-- WORK ORDER --
With the pictures left out, transcribe exactly the lines from the one with "Sony Unveils PCM-D100" through the end of the data.

-- SUPPLIED DATA --
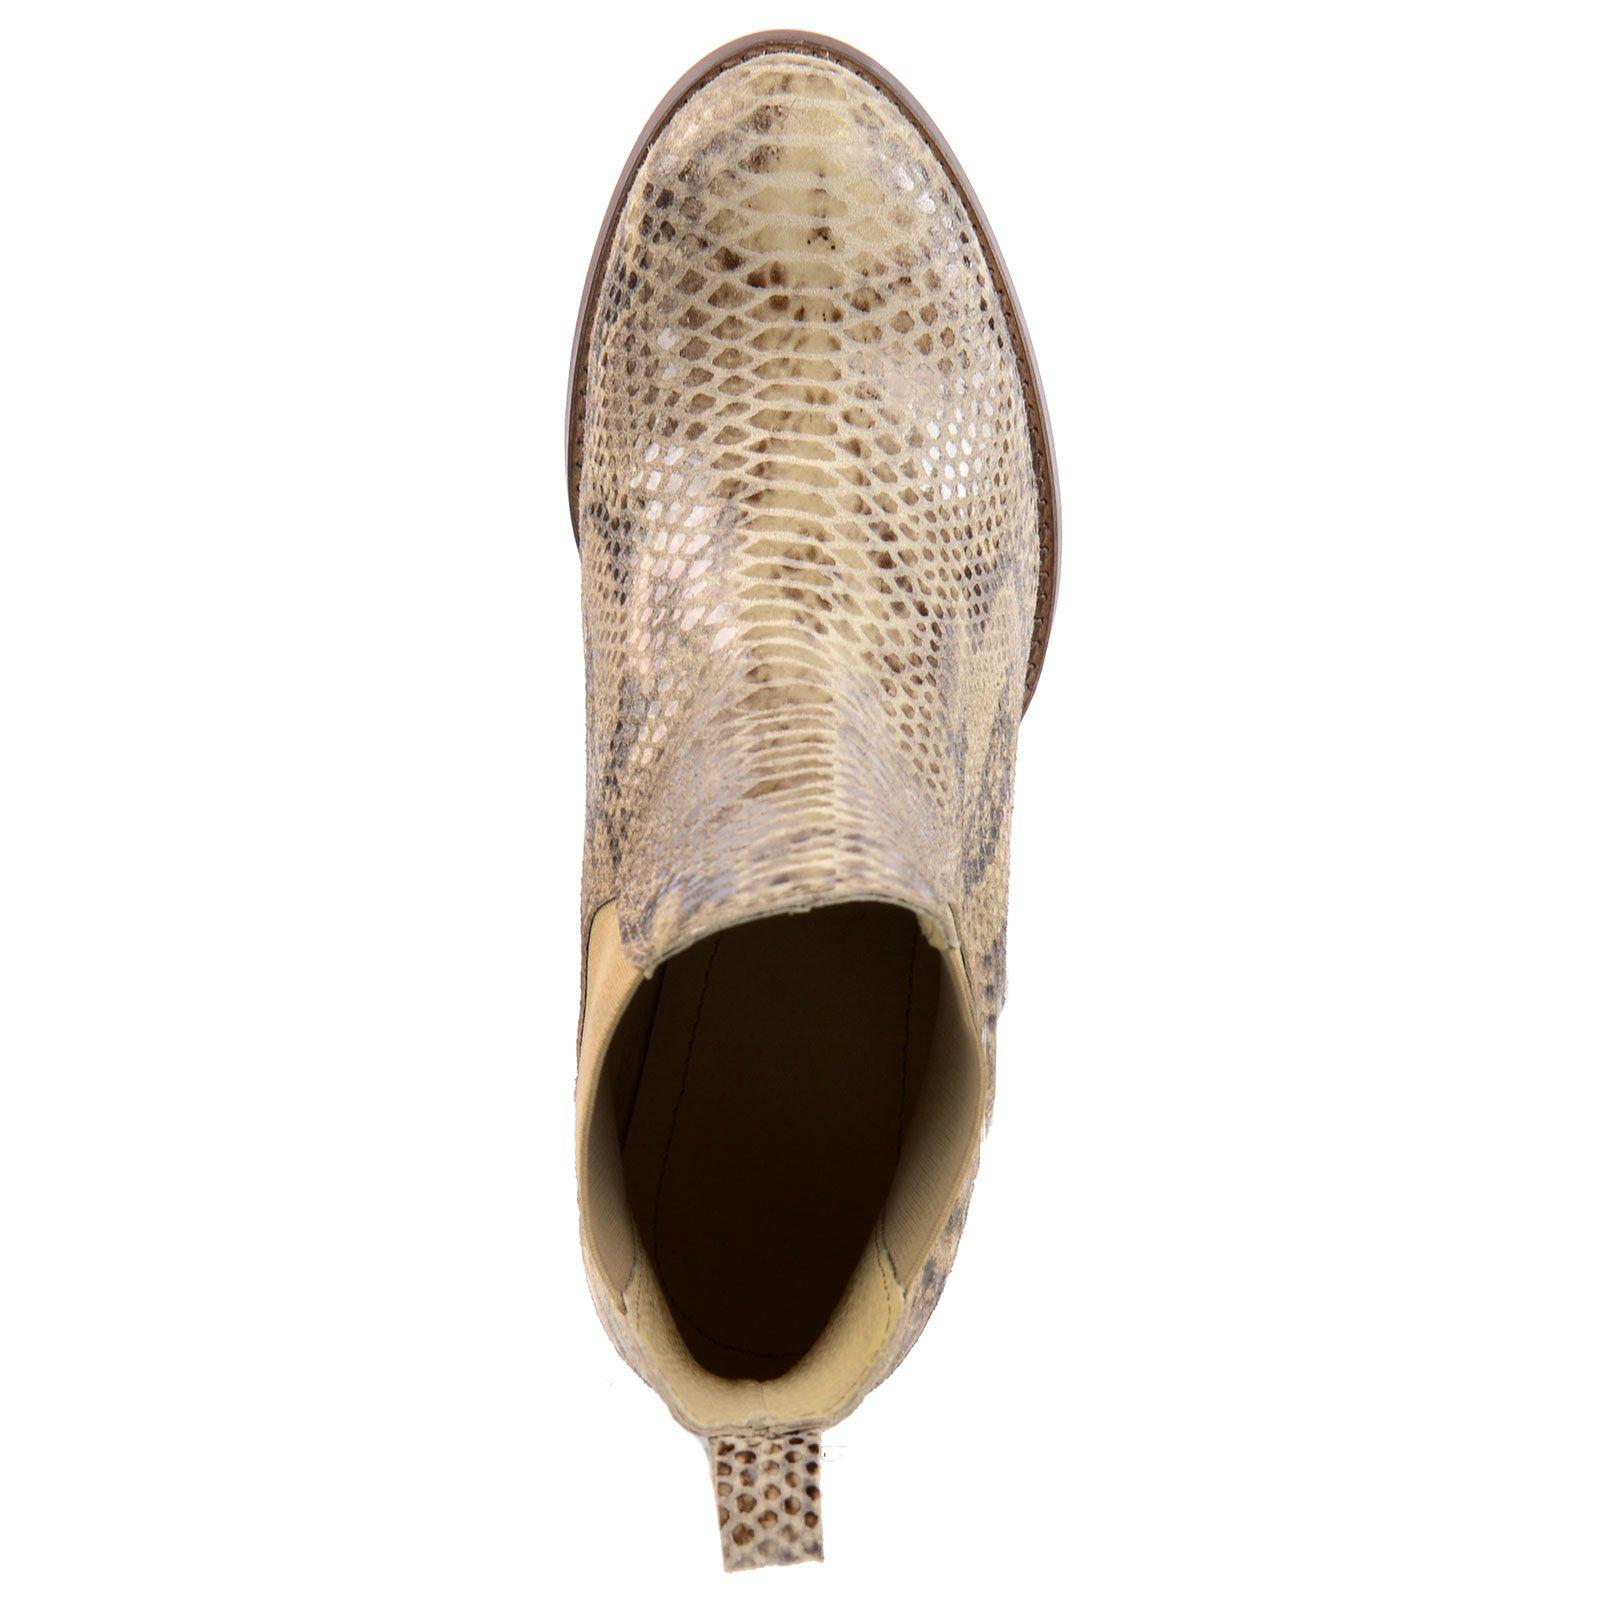 chelsea boots mit blockabsatz snake damenschuhe. Black Bedroom Furniture Sets. Home Design Ideas
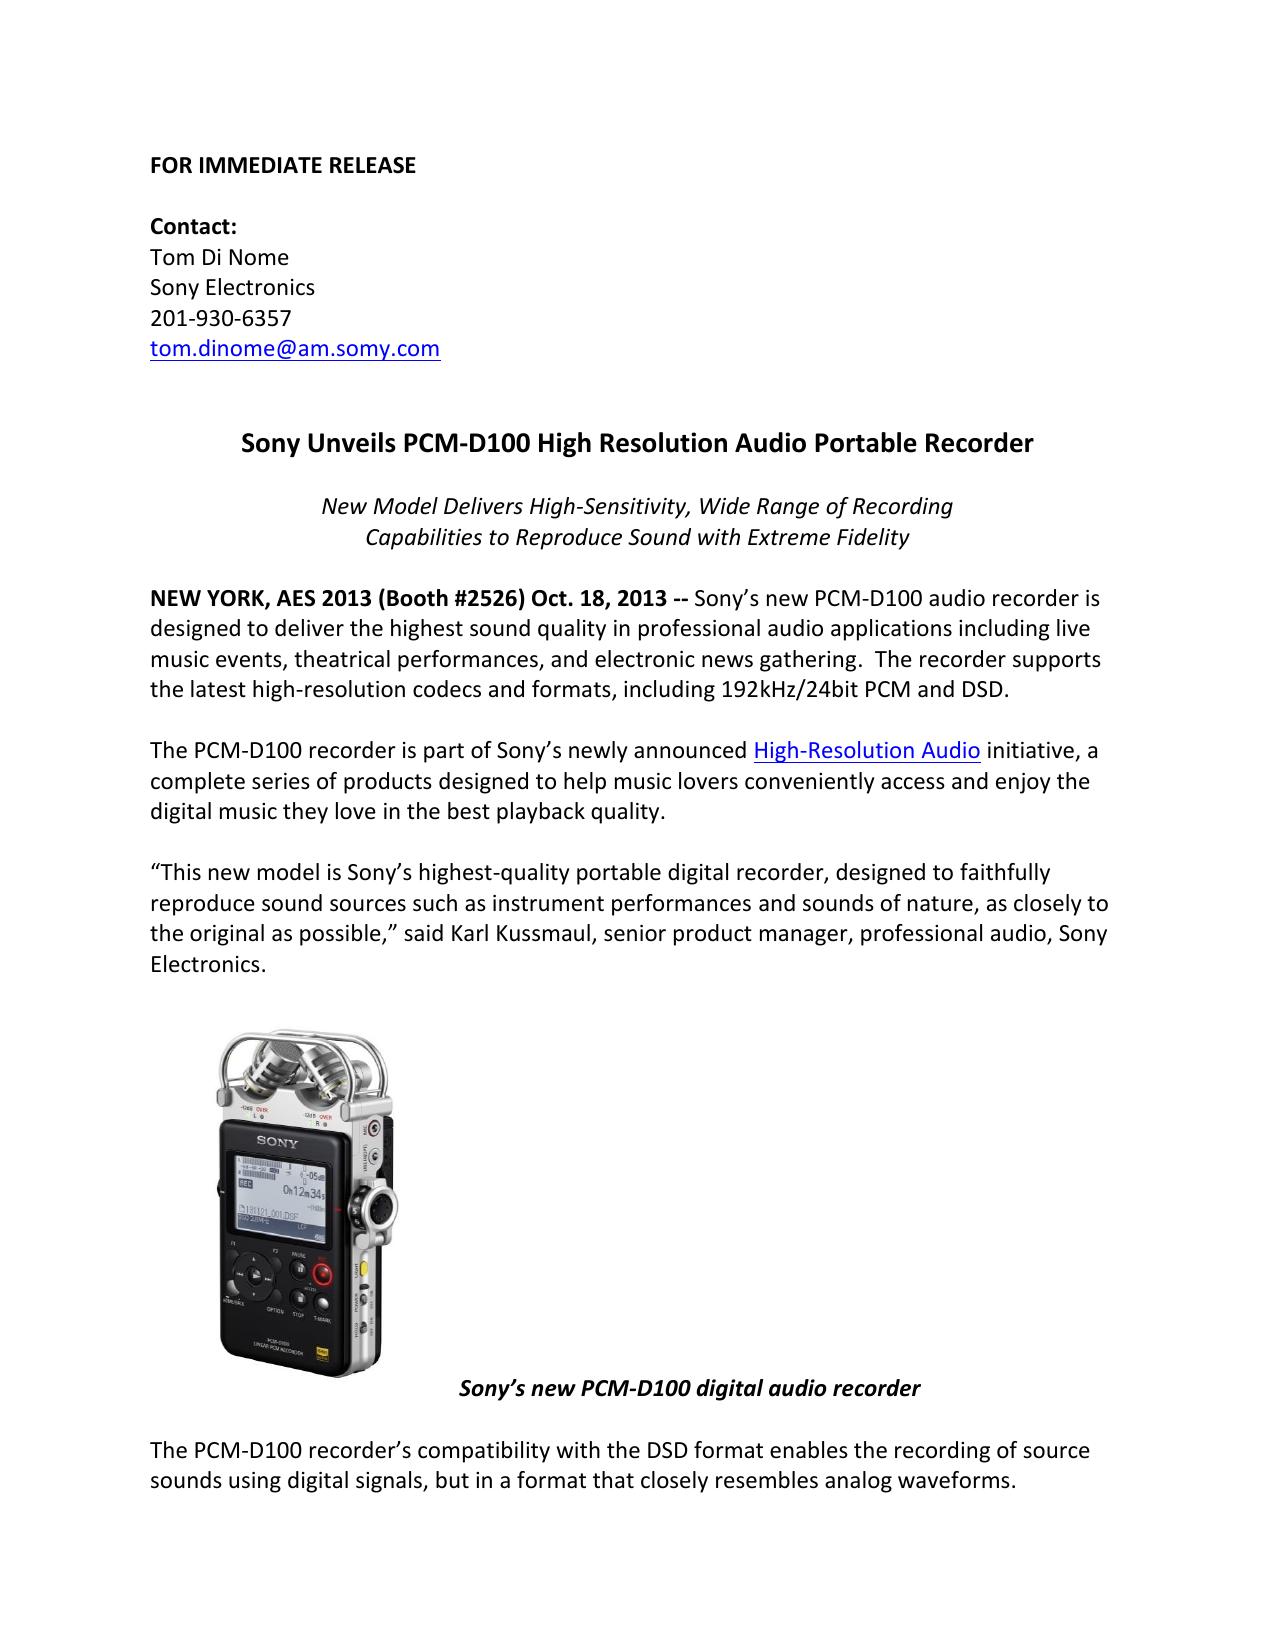 Sony Unveils PCM-D100 High Resolution Audio Portable
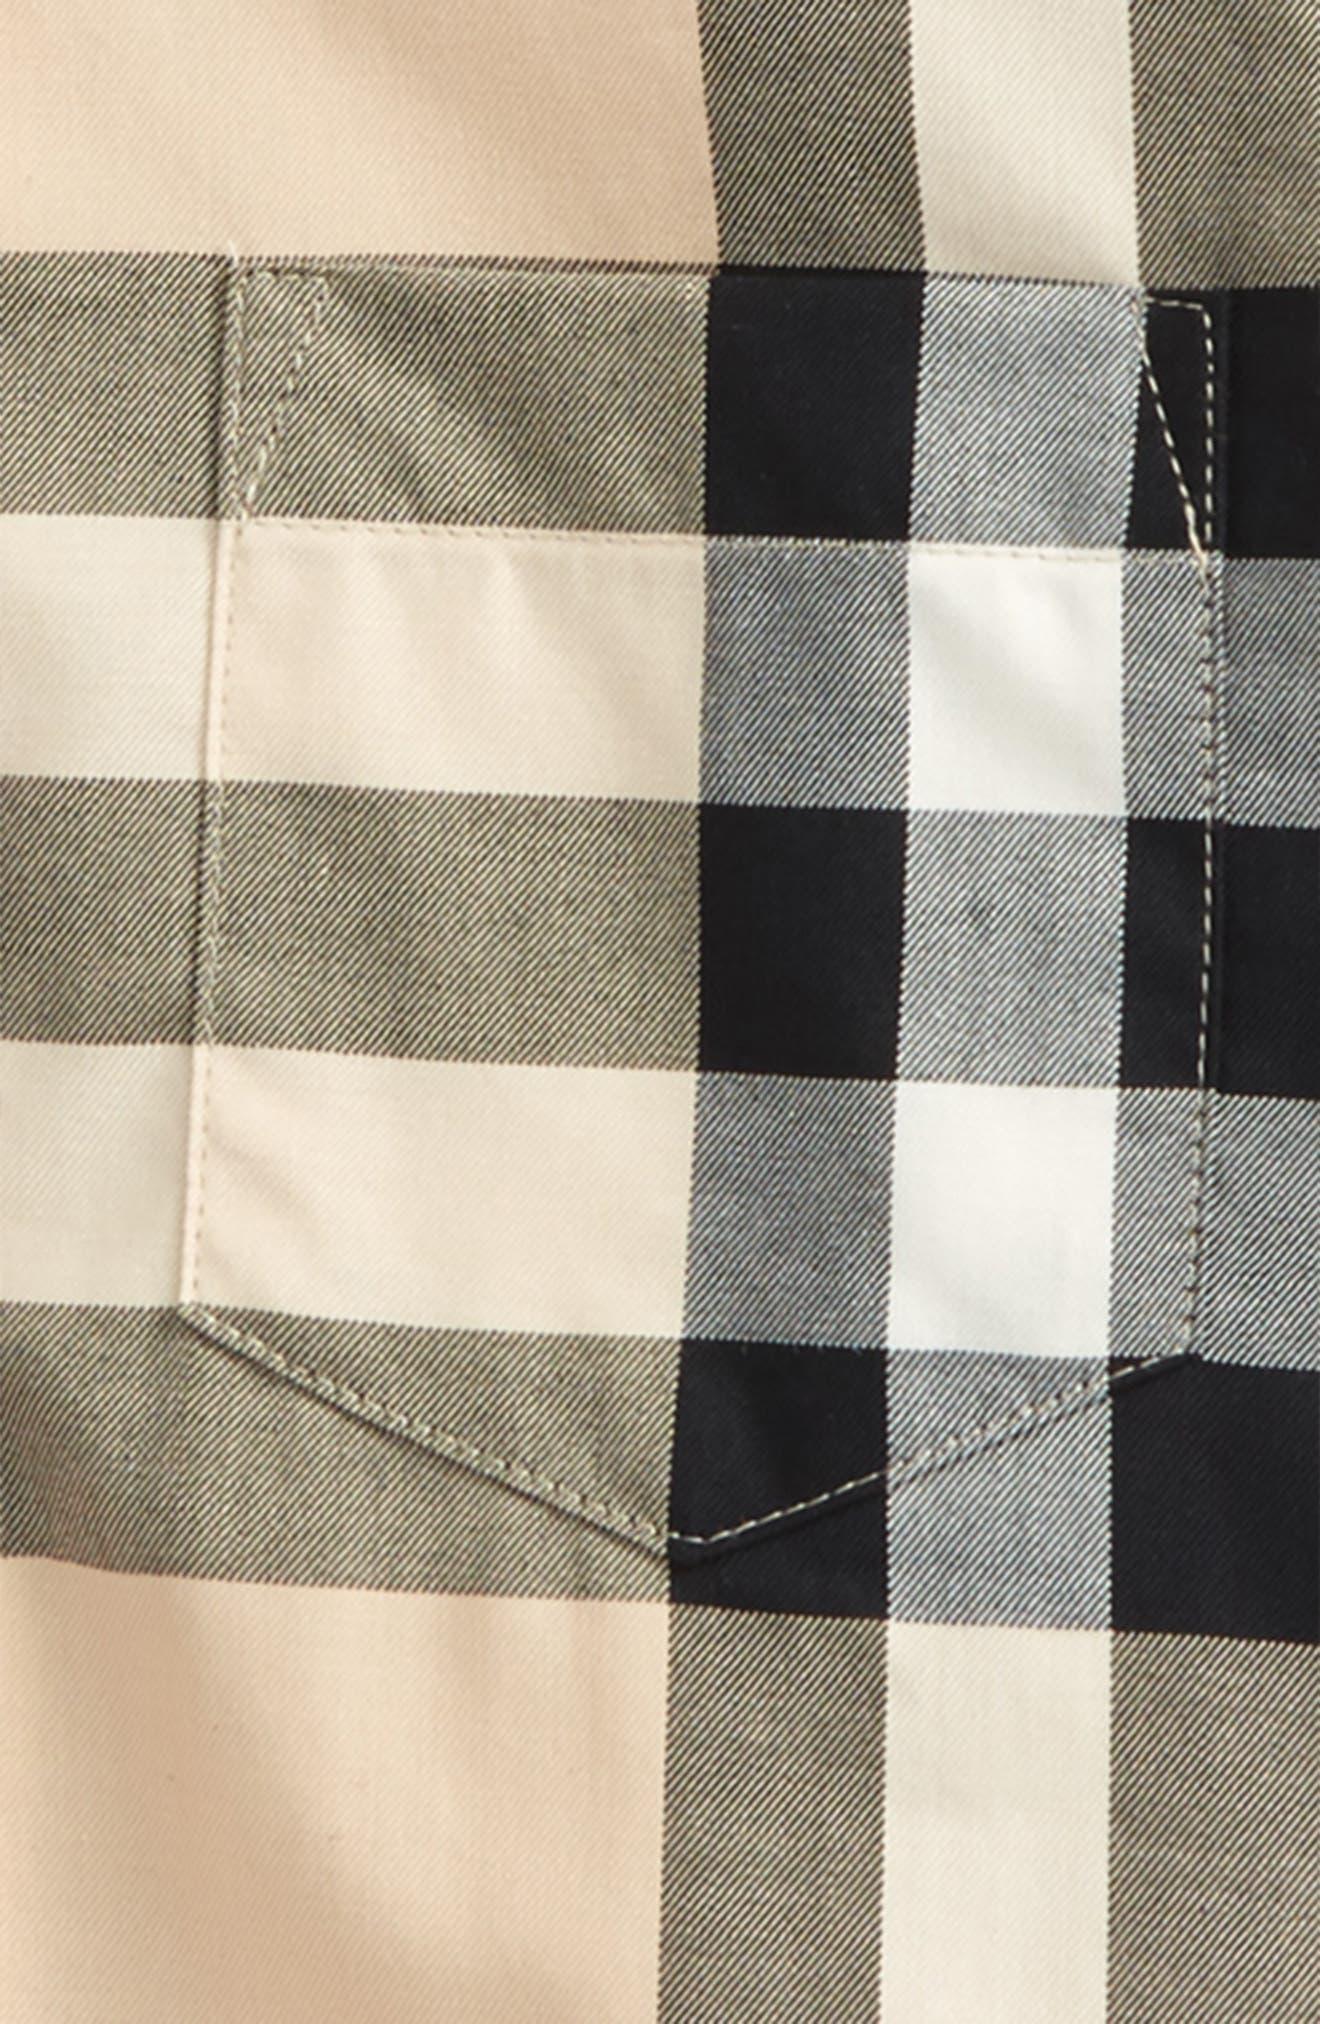 Fred Check Shirt,                             Alternate thumbnail 2, color,                             272

-- WRITTEN RESPONSE --
 Sony Unveils PCM-D100 High Resolution Audio Portable
 Fred Check Shirt,                             Alternate thumbnail 2, color,                             272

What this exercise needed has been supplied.